#### Data section ####

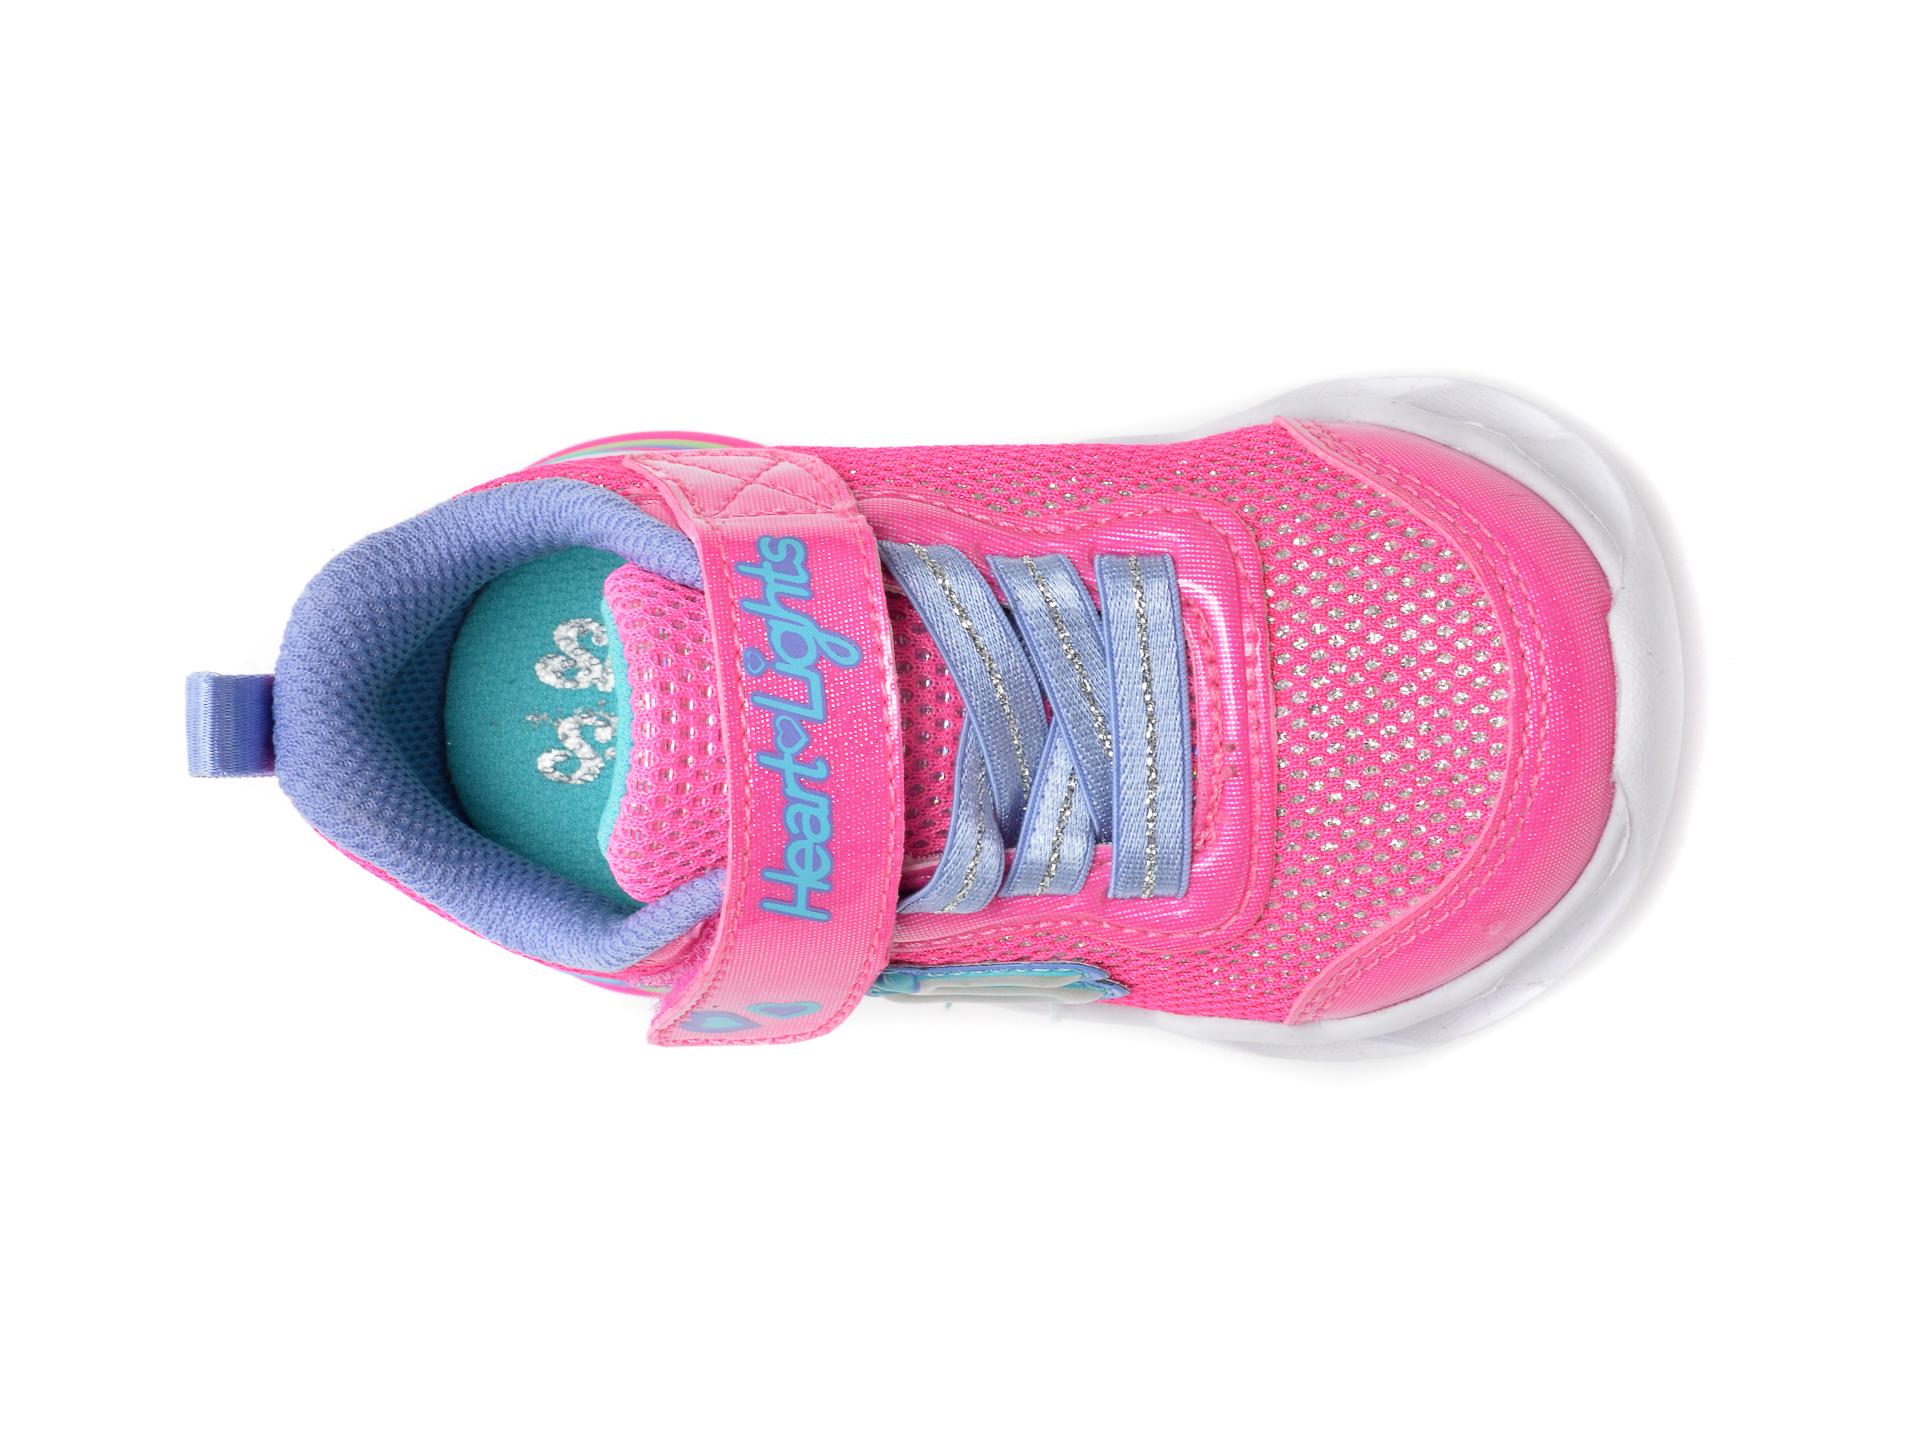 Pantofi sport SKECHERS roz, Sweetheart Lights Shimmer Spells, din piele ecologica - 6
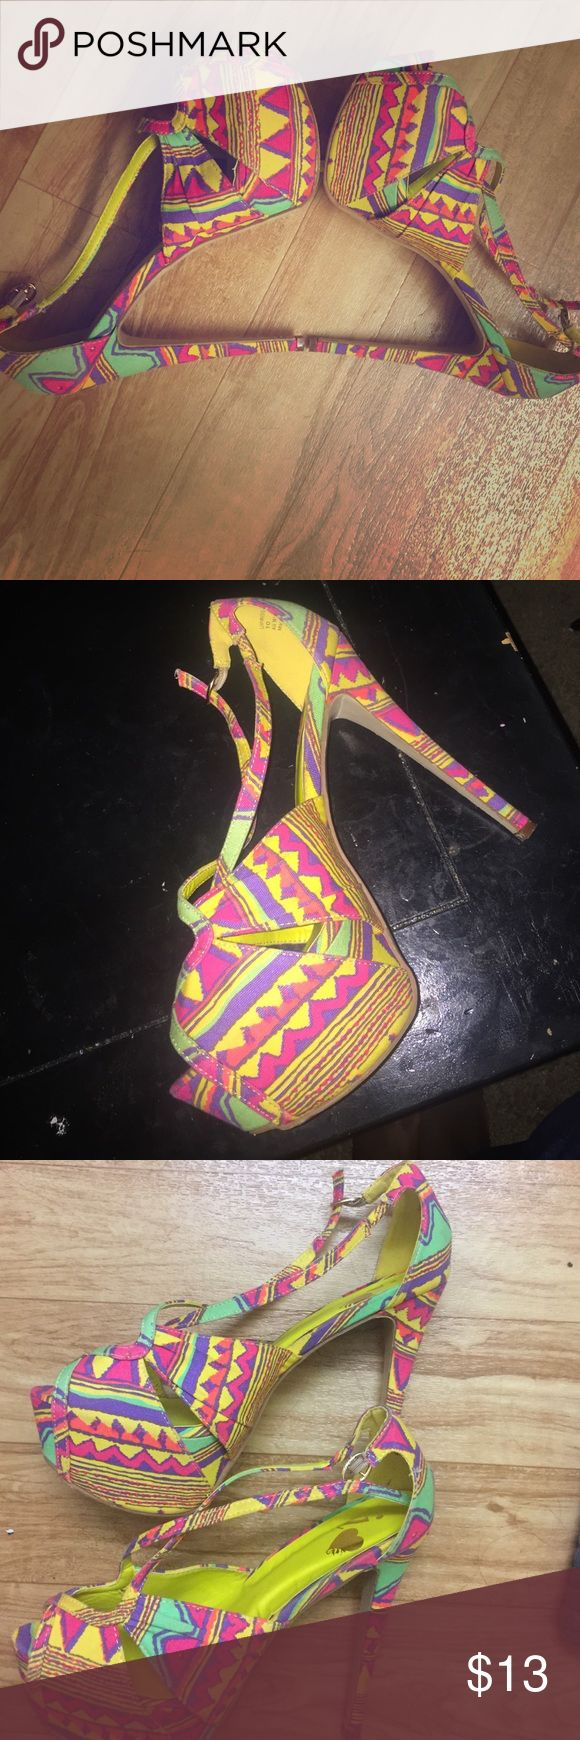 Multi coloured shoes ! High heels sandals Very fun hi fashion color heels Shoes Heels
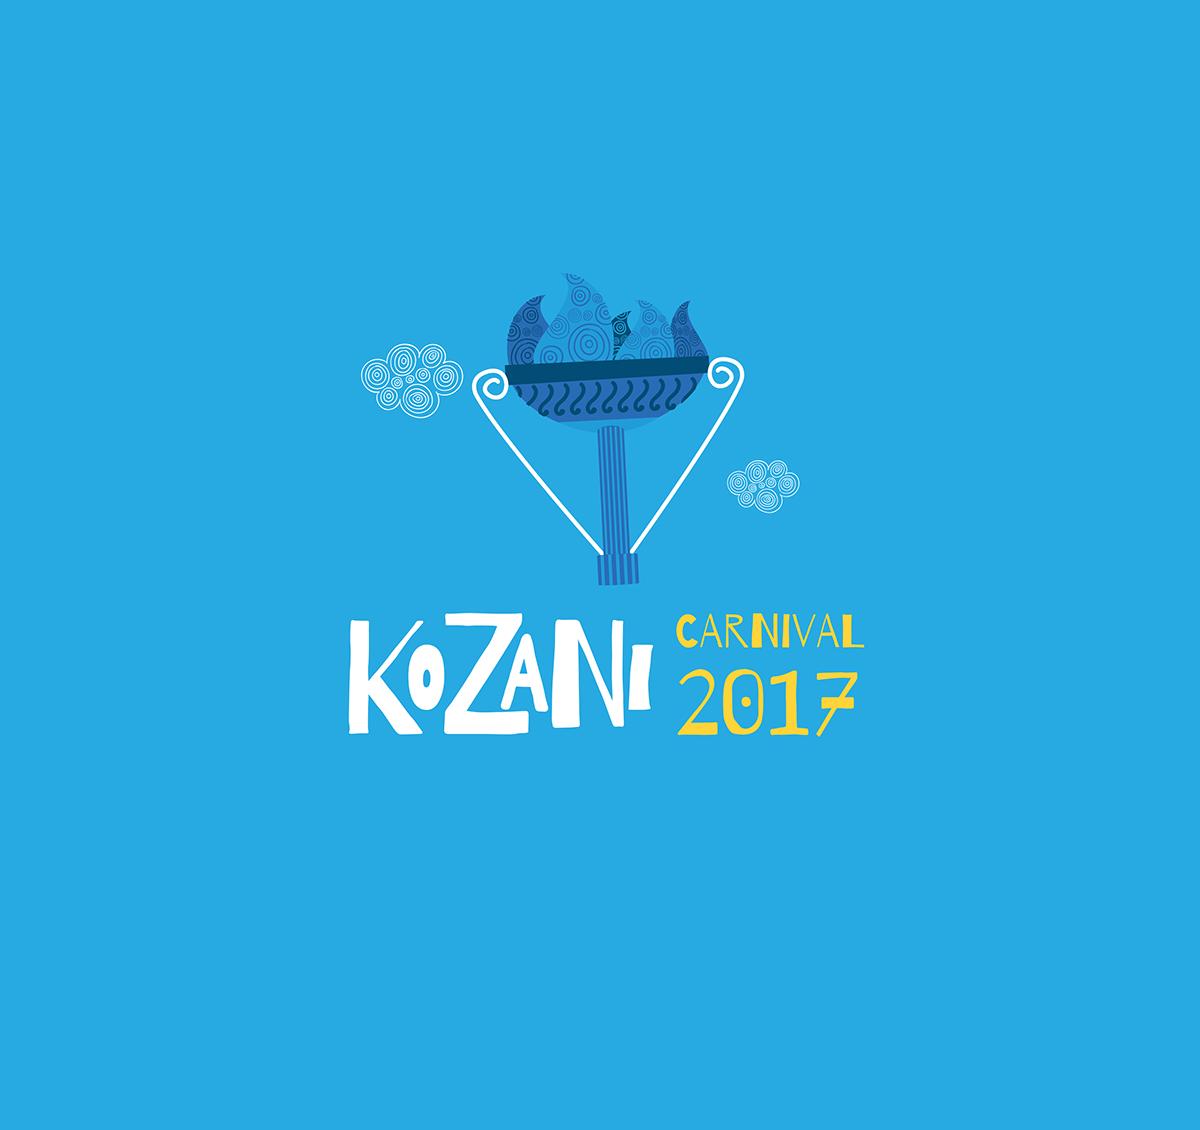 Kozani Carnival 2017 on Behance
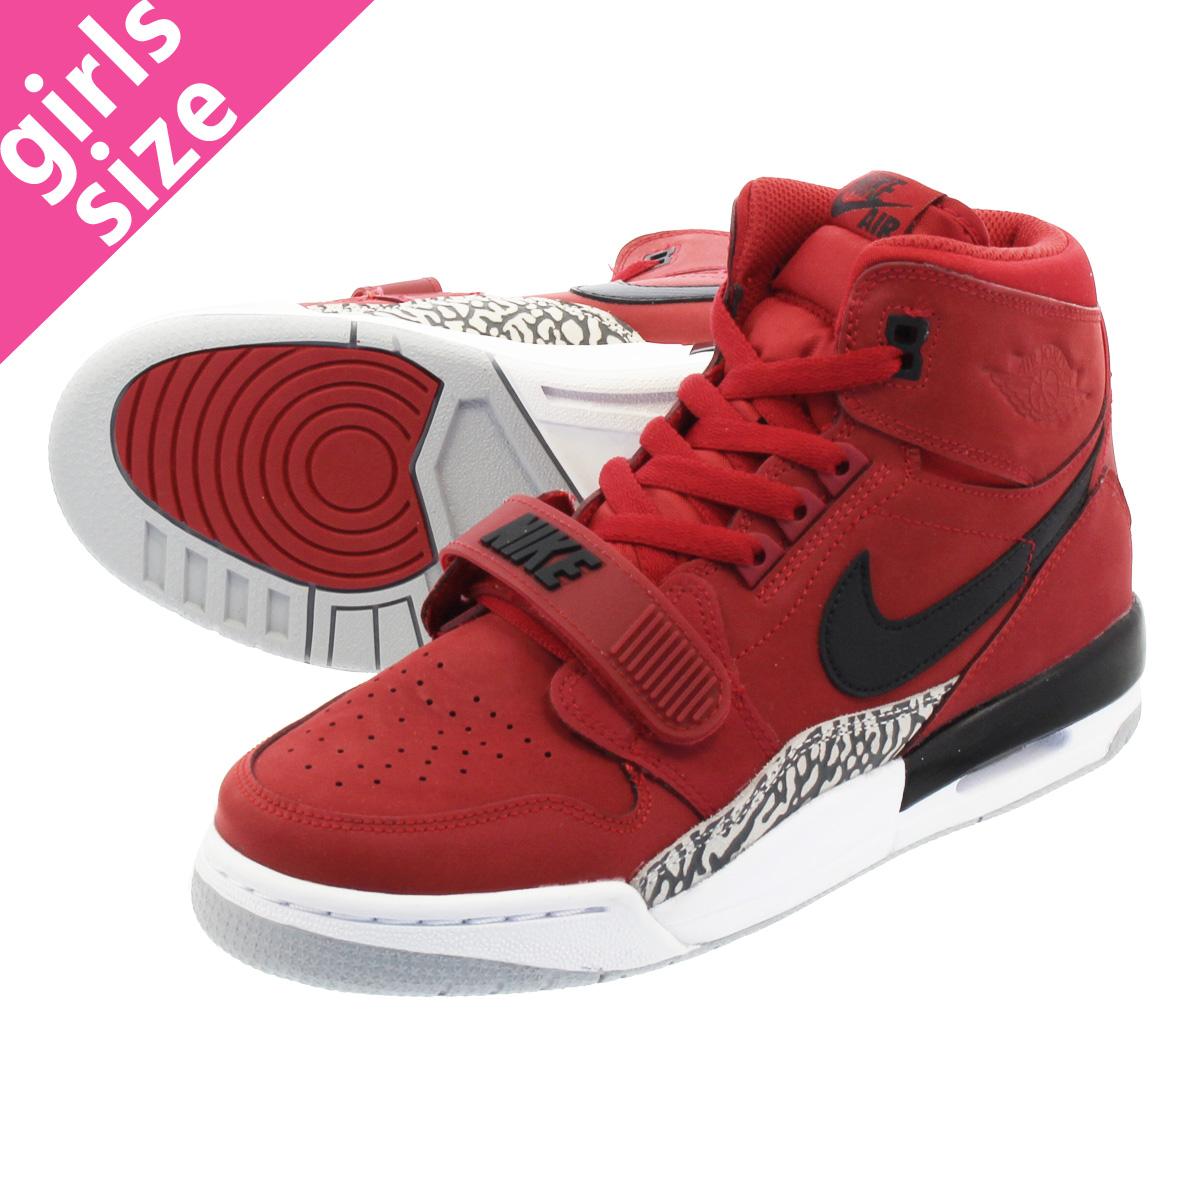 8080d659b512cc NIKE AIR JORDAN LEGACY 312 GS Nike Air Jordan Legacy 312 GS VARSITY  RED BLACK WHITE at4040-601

####

- **Task to complete**: Keeping pictures out, repeat exactly the lines from the one containing "Multi coloured shoes" through the end of the listing.

- **Result for this exercise**:
 Multi coloured shoes ! High heels sandals Very fun hi fashion color heels Shoes Heels
 Kozani Carnival 2017 on Behance
 8080d659b512cc NIKE AIR JORDAN LEGACY 312 GS Nike Air Jordan Legacy 312 GS VARSITY  RED BLACK WHITE at4040-601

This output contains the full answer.